There’s a lot of other virtual realities (VRs) like what we call the physical reality that we live in. That’s a virtual reality, but that’s not the only virtual reality. It’s not like all the conscious systems eggs are all in this one basket. There’s lots of virtual realities. Some of them like this one that seem physical and others that are more dreamlike and lots of things in between.
So there’s this big subset of VRs that the big cheese is kind of manager of, because anytime you have a VR, you have rules. And when you have the big picture of that, you have multiple VRs. You also have rules about how beings in the various VRs can interact with each other.

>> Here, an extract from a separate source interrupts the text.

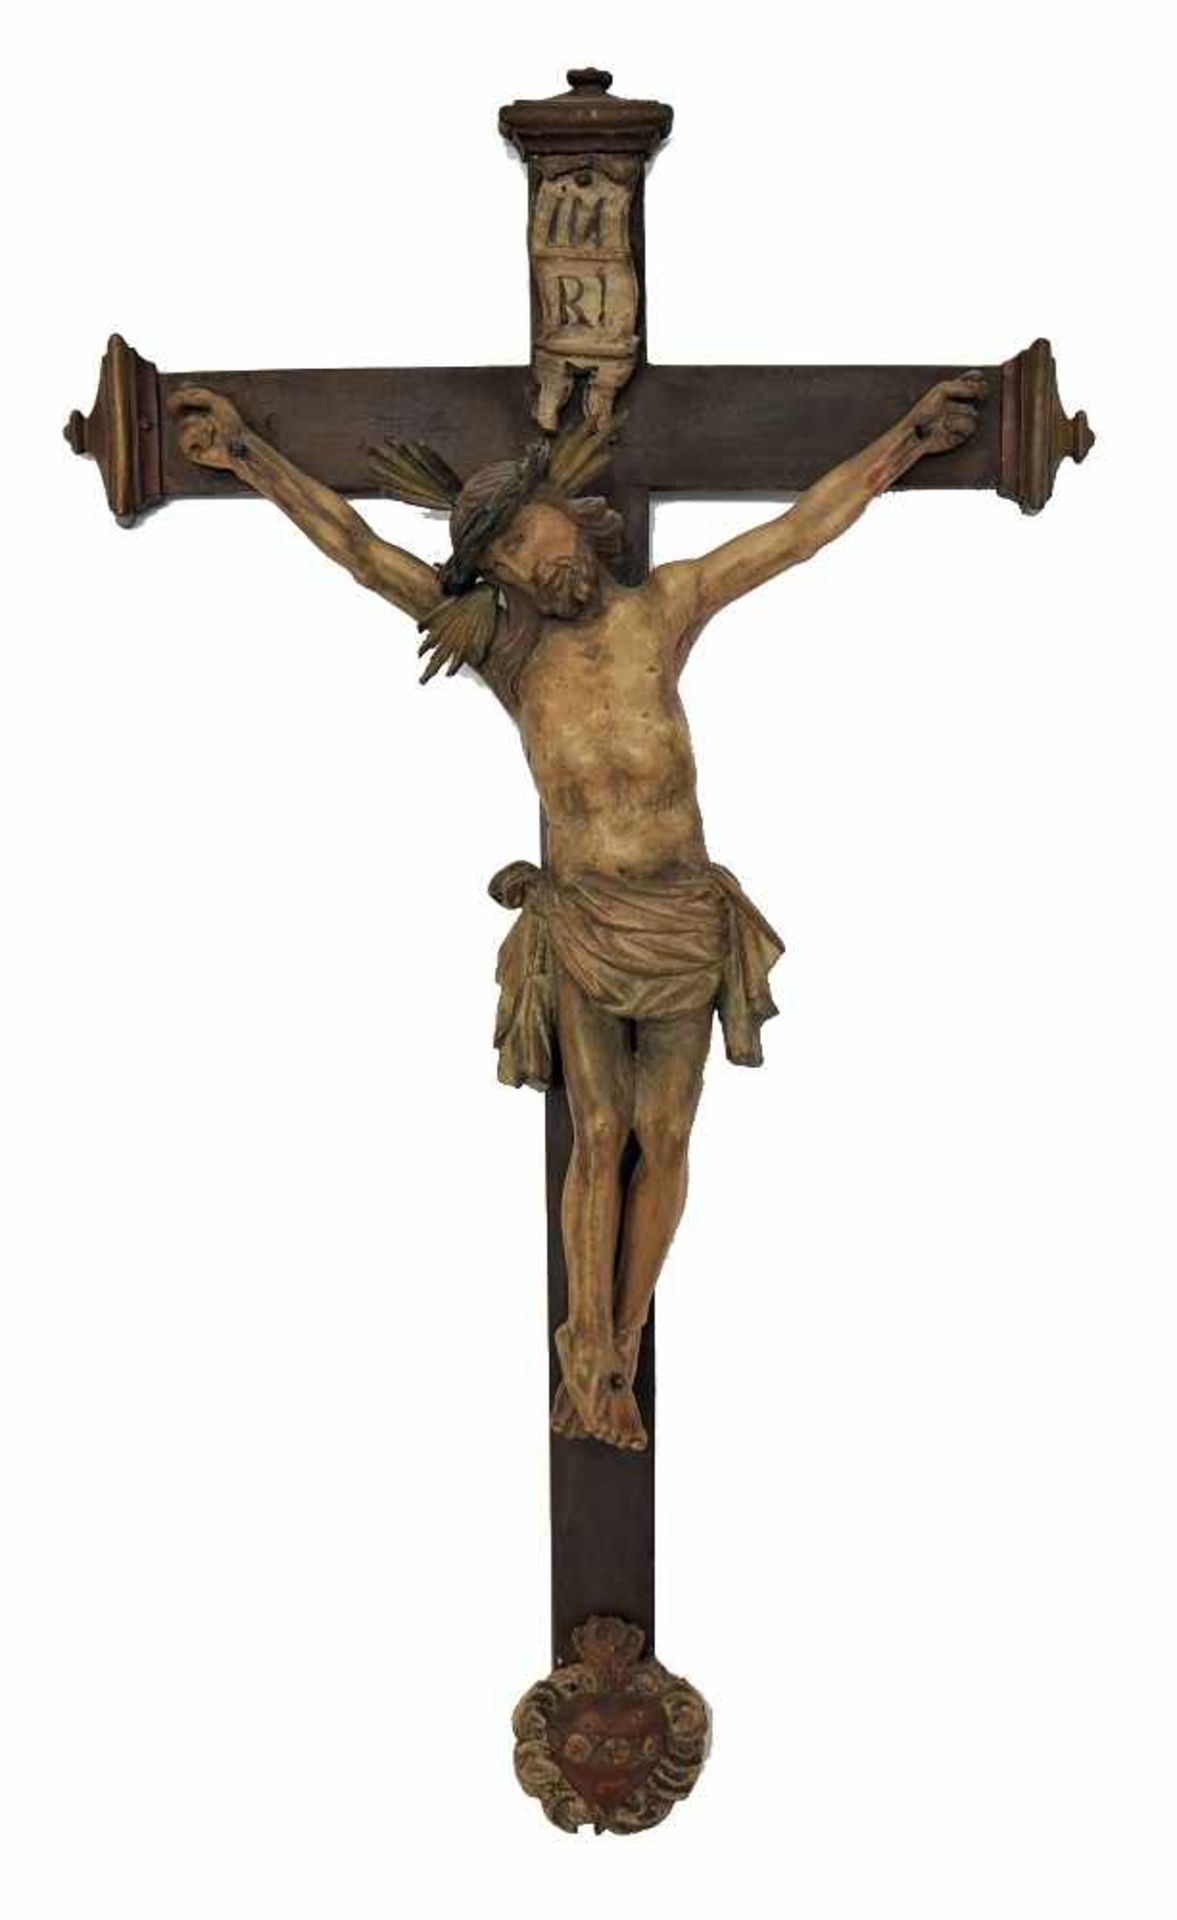 Kruzifix süddeutsch, wohl mitte 18. Jh.Holzkreuz gefasst und dunkel lasiert, profilierte Enden.

So whenever you have rules, you have to have some way to enforce the rules to make sure the rules are being obeyed. You also have to have some way to learn to make better rules. Because rules shouldn’t be dead things, things evolve and so rules evolve, they need to be alive. Something needs to oversee things, how can we improve or modify things for the better? That’s who the Big Cheese is.
JF. So holographic universe aside, where the Big Cheese comes from the LCS and the LCS is inside the Big Cheese, would you describe the boss of the Big Cheese as the LCS?

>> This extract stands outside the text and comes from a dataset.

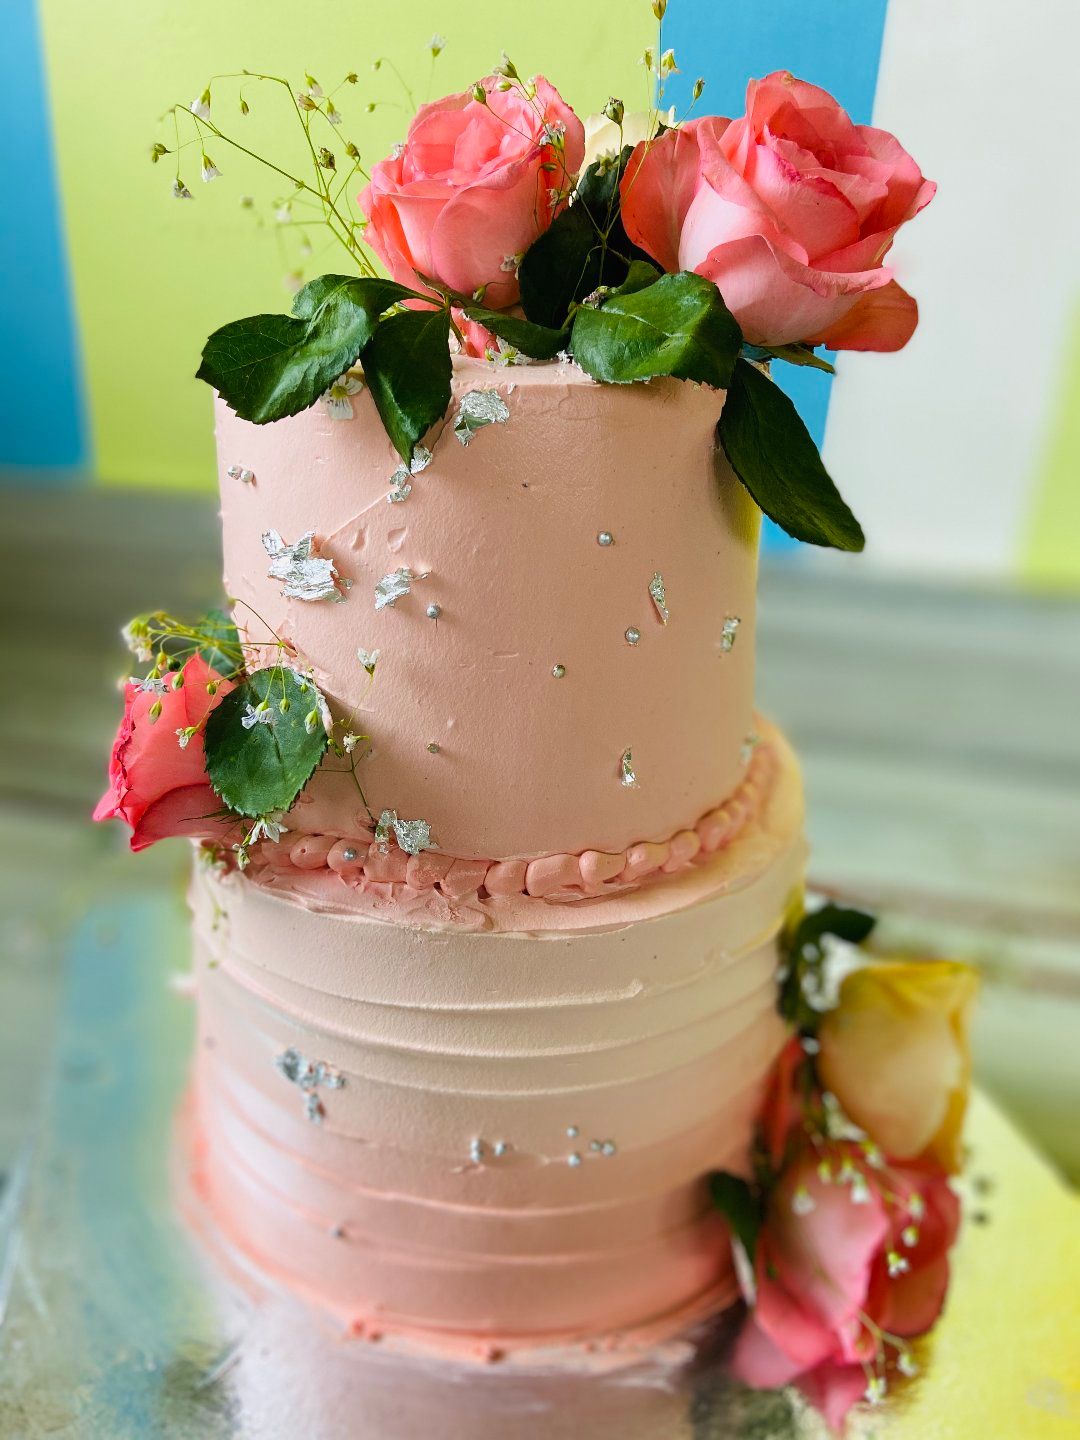 Order Festive Holi Red Velvet Cake Online, Price Rs.995 | FlowerAura

TC: Yes the Big Cheese answers to the LCS, but that’s really our boss too, in the sense we’re pieces of that larger consciousness system. So there are individual units of consciousness that are small – your cat and your dog and your horse and the raccoon that lives in the woods, those are small pieces of individual units of consciousness. Then there’s bigger ones that have bigger pictures, like humans. And then there’s bigger pictures, like the Big Cheese, and then there’s even bigger pictures yet, like the LCS. But they’re all individual units of consciousness, from the raccoon up to the Big Cheese. They’re all chunks of consciousness and they’re all part of this one consciousness system.
JF: As a sensitive right-brained child, how did you end up being a physicist?
TC: It was an absolutely necessary part of it because, In several incarnations before that, I was not in any kind of a technical space. I was always in a right-brained, intuitive space kind of person and being, and I needed to become more balanced. I needed to have both.
So when I got here, as a very young child, I was a very intuitive child. I understood all sorts of things that no child should understand. I was very aware of things and my sister would tell you that we’d go on long rides. This is when I was like four or five, six years old. We’d go on a long trip someplace and she and I would be in the back seat of the car. The parents would be up front and you know how it is with children, every 10 minutes. Are we there yet? It’s hard for kids to sit still in the backseat of a car. And my sister wanted to play and interact with me, but most of the time I would be lost.
I would go into a chant, I’d have this little chant going on and I wasn’t there. And I’d wake up after we got to wherever we were going. So the whole trip took two or three minutes for me. I was only aware for a few minutes of it. I got in the car and then I got out of the car and we were there. It’s almost like we teleported because I wasn’t aware of the trip itself, which annoyed my sister to no end. Because then she had to sit in the backseat by herself. So sometimes I would play with her. She was two years older than me, so sometimes she could get me going. But in any case, I was very right-brained and very intuitive and not too much on that reduction aside.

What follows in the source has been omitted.